The results of ASR feedback delay experiment showed that users’ perception of delay time was not influenced by screen size or the length of queries subjects input. From the end of users’ input to the being query displayed on the screen, subjects were satisfied when the ASR feedback delay time was less than 431 ms and thought it was acceptable when the delay time was less than 1673 ms. It should be noted that in addition to the real-time display mode, there is also non-real-time display mode, in which the query will be displayed integrally on the screen until all speech recognition is finished. Based on Barnett’s [27] and Tom’s [28] research, the perception of delay time was affected by user’s subjective factors, so the ASR feedback display mode might affect user’s subjective perception. We suggest that the satisfied and acceptable delay time under non-real-time display mode should be further investigated.

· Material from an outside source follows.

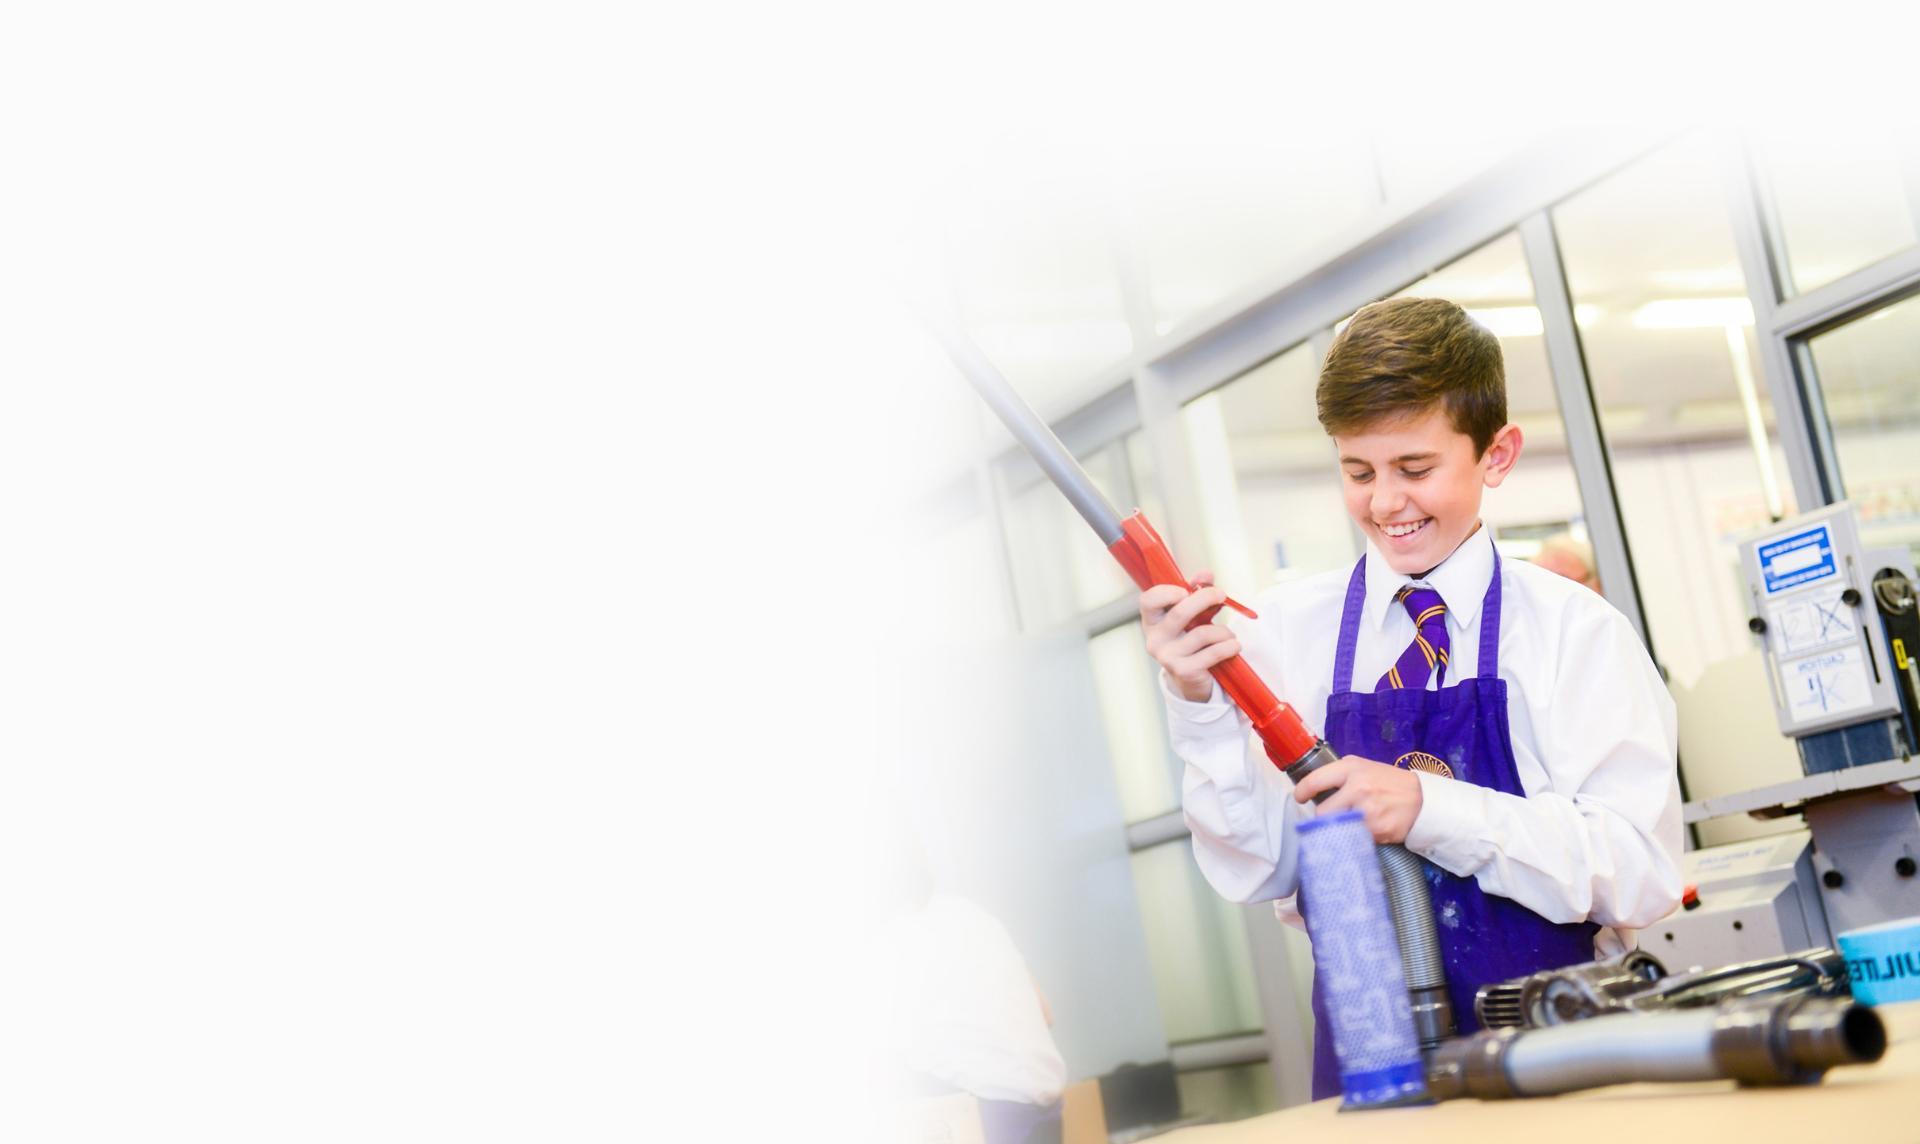 Dyson-technológiát elsajátító fiatal mérnökhallgató
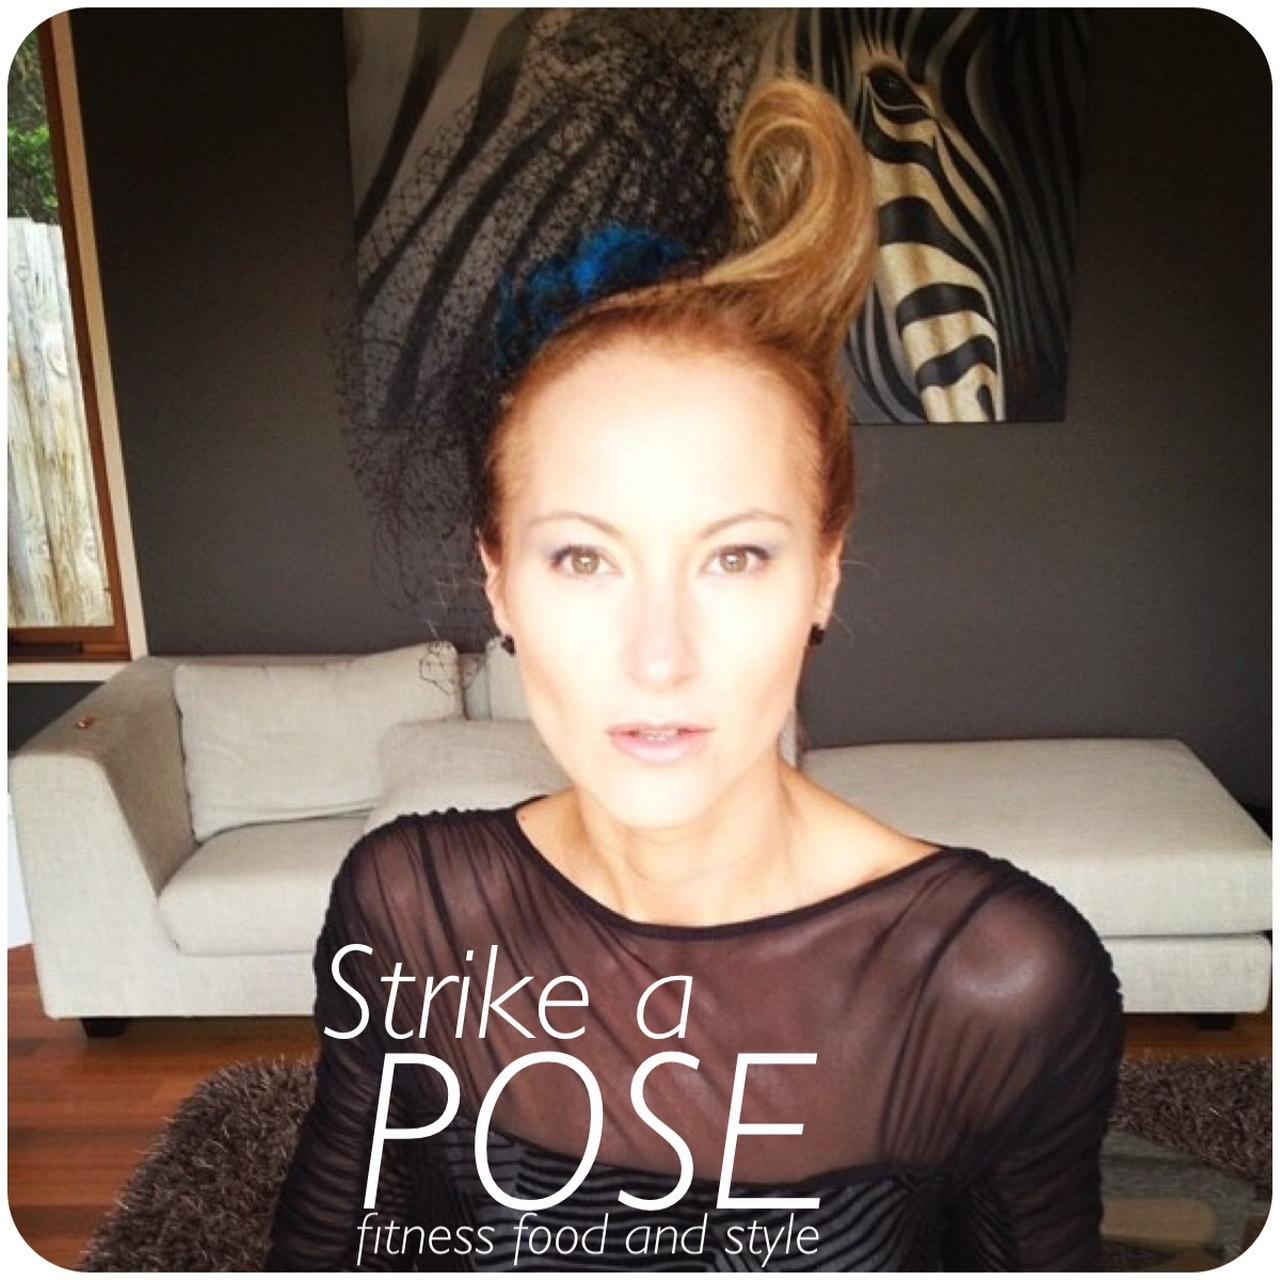 http://3.bp.blogspot.com/-i5Kq5za8b6g/UJuqjakSCqI/AAAAAAAAGHE/uA18JxW3snA/s1600/dani+blog+fascinator+front+pose.jpeg

The results of query response delay and loading response delay experiment showed that the screen size of smart devices still did not affect the perception of response delay time. In query response stage, subjects were satisfied when delay time was less than 867 ms and felt it was acceptable when the delay time was less than 2537 ms. In loading response stage, subjects were satisfied when delay time was less than 564 ms and feel acceptable when the delay time was less than 2353 ms. Comparing with query response delay time, subjects showed higher requirement of faster for loading response delay, that was, the delay time in loading response stage needed to be shorter than in query response stage for them to feel satisfied. Combining the interviews after the second experiment, subjects generally thought that there were different reasons for the response delay in the two stages. Some participants thought that the delay time of query response time was mainly affected by the performance of the product, specifically it was related to search algorithm and efficiency, while the delay time of loading response time was mainly affected by network conditions. Subjects were more tolerant of search algorithm and efficiency than network condition. In addition, it should be mentioned that only video search scenario was involved in the second experiment, and the system output usually included a large amount of multimedia information such as pictures, graphs and texts. For Encyclopedia queries, weather queries and other text-based output scenarios, the response delay should also be further studied.

5 Conclusion

This paper targeted at multimodal interface with voice as dominant modality, we built a research framework to evaluate response delay according to user perception during the voice interaction, in which the system output process was divided into three successive stages. We conducted two experiments to evaluate the response delay in each stage, a smart speaker with screen and a smart TV were involved in the experiment, the first experiment was designed to measure automatic speech recognition (ASR) feedback delay time. Results indicated that, from the end of user input to query displayed on the screen, users were satisfied when the ASR feedback delay time was less than 431 ms and felt it was acceptable when the delay time was less than 1673 ms. In the second experiment, we aimed to measure query response delay time and loading response delay time. We found that users were satisfied when delay time was less than 867 ms and felt it was acceptable when the delay time was less than 2537 ms in query response stage. In loading response stage, users were satisfied when delay time was less than 564 ms and felt it was acceptable when the delay time was less than 2353 ms.